It’s a tale of two jurisdictions — one that saw a dramatic increase in manufacturing jobs and one where the sector shrunk.

A new Fraser Institute study argues that a decision by recession-ravaged Michigan to reform its business tax and labour laws is responsible for that state’s higher-than-average private sector job growth since 2012 and an annual average growth rate in manufacturing employment of 6.1% between 2011-14.

Meanwhile, in Ontario, which followed a very different plan of high government spending and traditional labour laws, the average annual rate of manufacturing job growth was negative 0.5%, meaning job losses.

In Ontario versus Michigan: Lessons from the Wolverine State, authors Robert Murphy, Joel Emes and Ben Eisen credit the game plan formulated by state Republican leaders for its remarkable turnaround.

Michigan created a lower, flat corporate tax rate of 6%, “right-to-work” legislation that weakened unions, and cut government spending to bring public debt under control.

“Taken together, this economic package constituted a bold policy experiment that had enthusiastic boosters, as well as harsh detractors who warned of severe negative economic consequences for the state,” the report, released Thursday, says.

While it’s been just a few years, the early evidence supports the position that these changes have strongly boosted Michigan’s economic power, according to the authors.
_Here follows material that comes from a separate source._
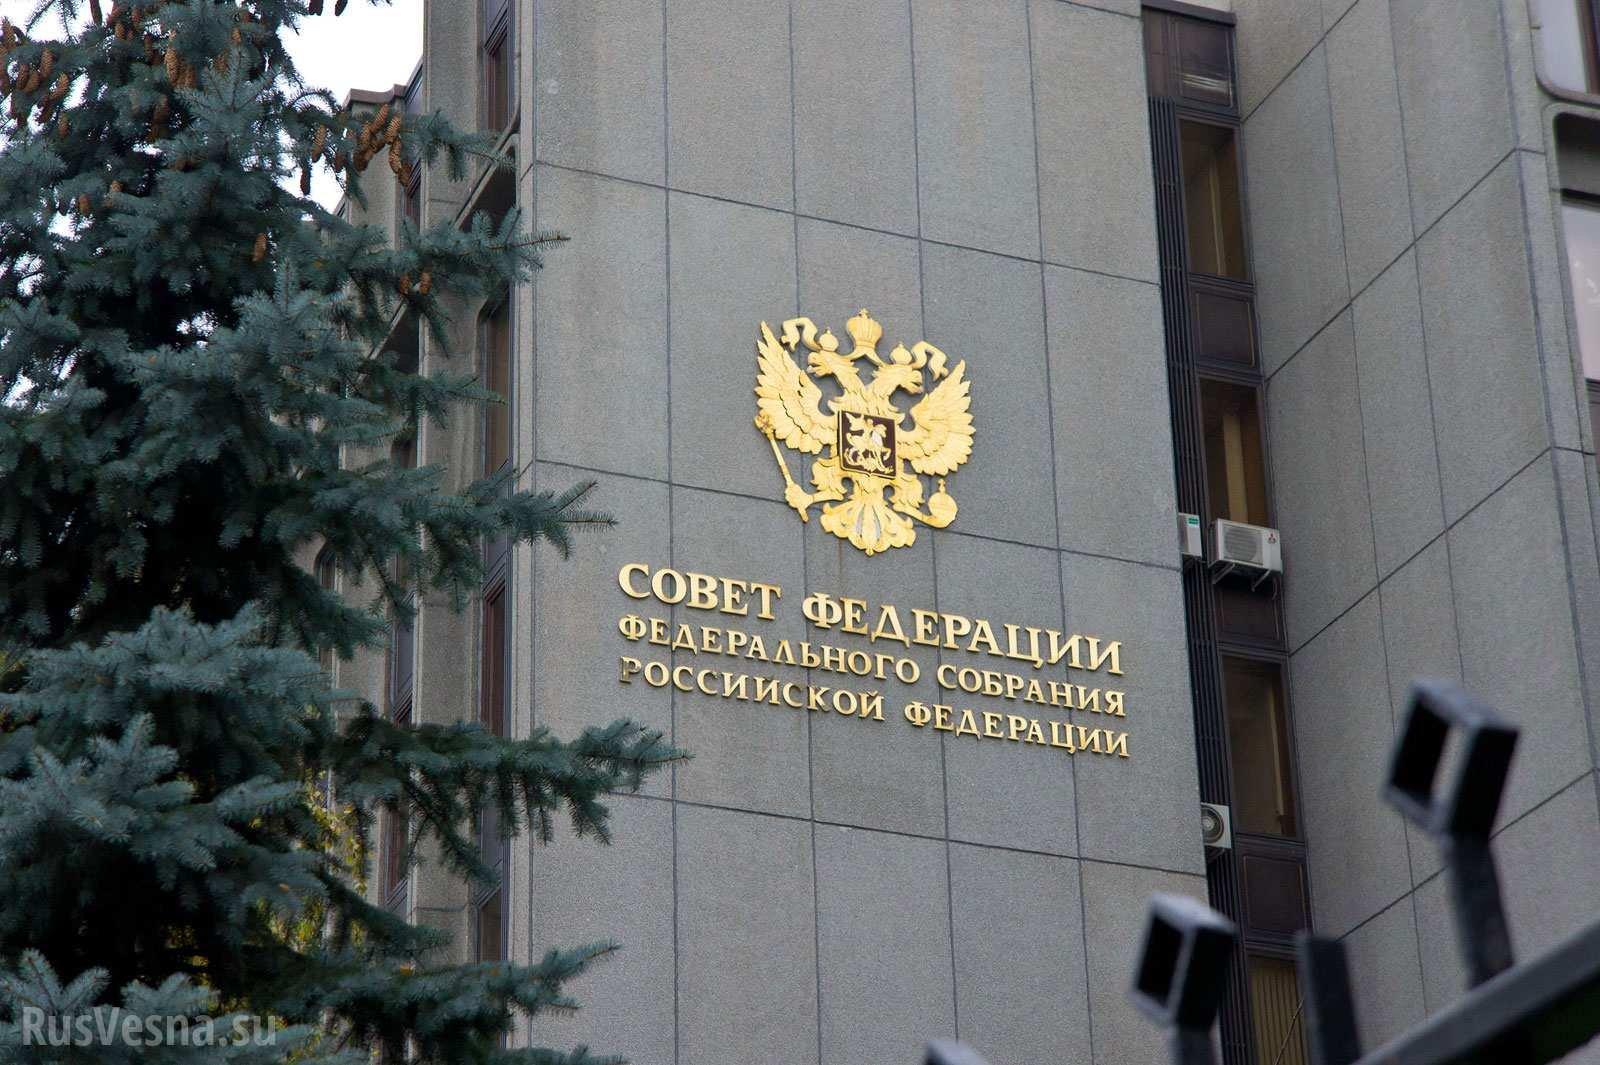 Посол Российской Федерации назвал дату отъезда высланных дипломатов из Англии
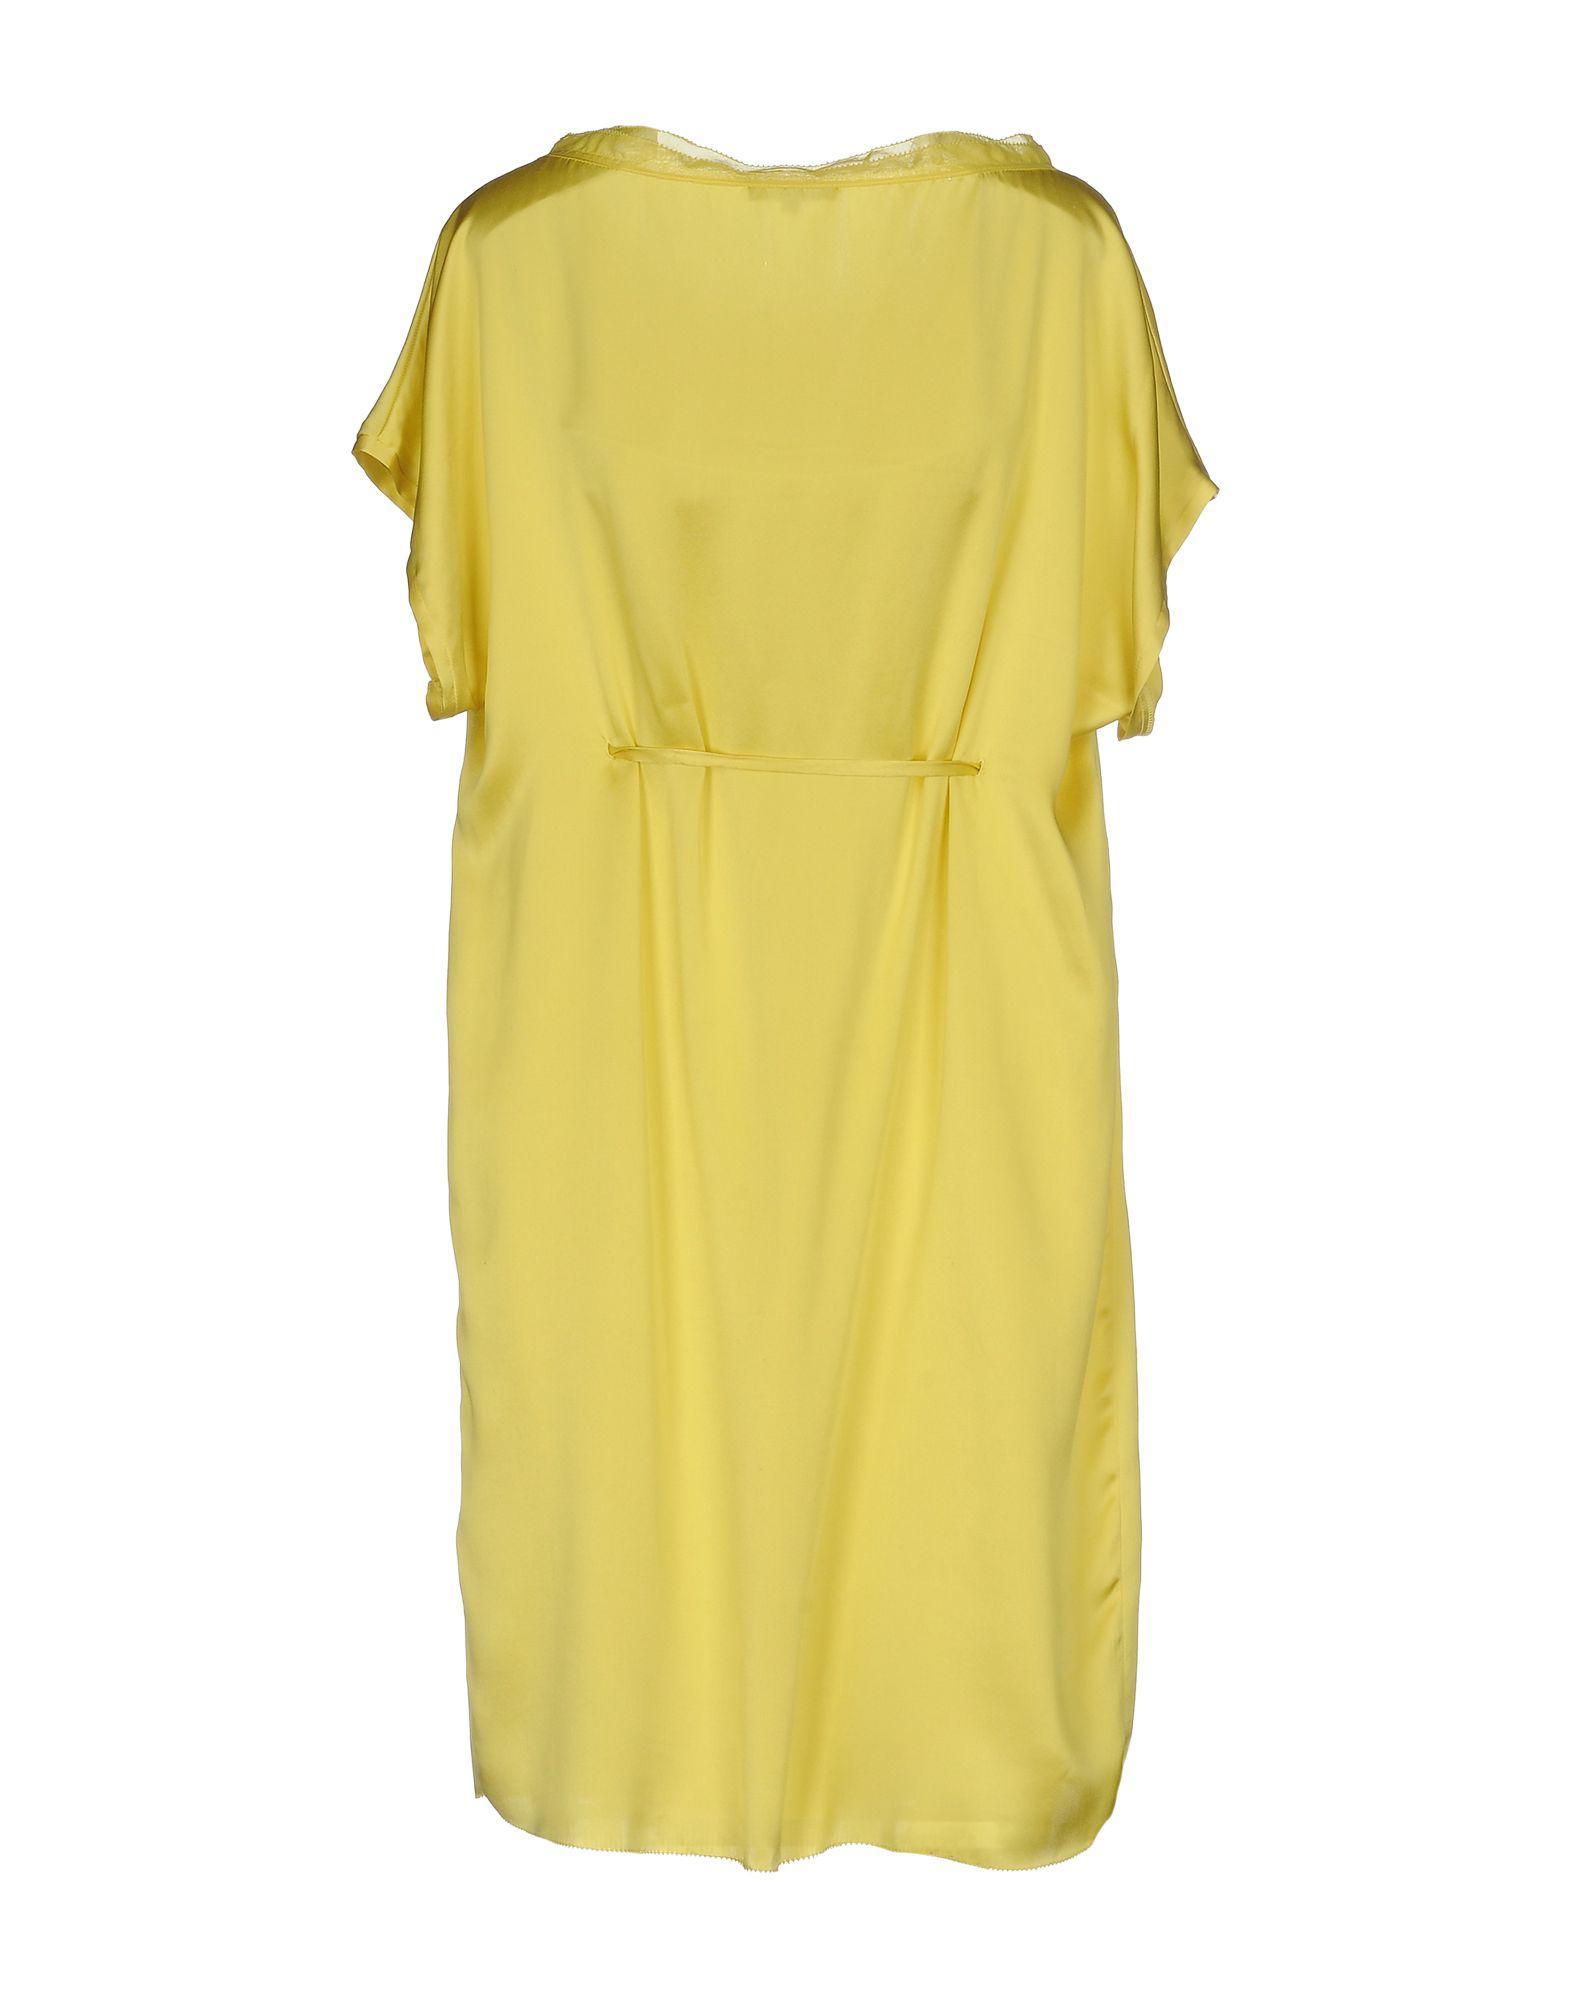 Robes - Courtes Robes De Soie Et Soie 2PVIit5

Over the same time period, Ontario’s manufacturing output fell outright and as a share of the Canadian economy, the report notes.

The Michigan experience suggests that Ontario’s own manufacturing malaise could find a cure in new policies, such as right-to-work legislation, which allows employees to negotiate directly with their boss despite the existence of a union shop, the study says.

“Even steep economic downturns such as that experienced in Michigan early this century can be reversed,” the study says. “If Ontario wishes to break out of its prolonged slump and resume its historical place as the economic engine of Canada, it should study Michigan’s example and embark upon a similarly ambitious pro-growth policy reform agenda.”

A statement from officials with the Ontario Ministry of Economic Development said the province’s unemployment rate is at an eight-year low, and the economy has posted stronger GDP growth than Canada, the U.S. and other G7 countries.

“Private sector economists project that Ontario will continue to lead the country in growth and that we will continue to see increases to our manufacturing exports,” the statement said. “Within Ontario’s auto sector, monthly sales of goods manufactured here were higher each month in 2016 compared to the same months last year (other than June).”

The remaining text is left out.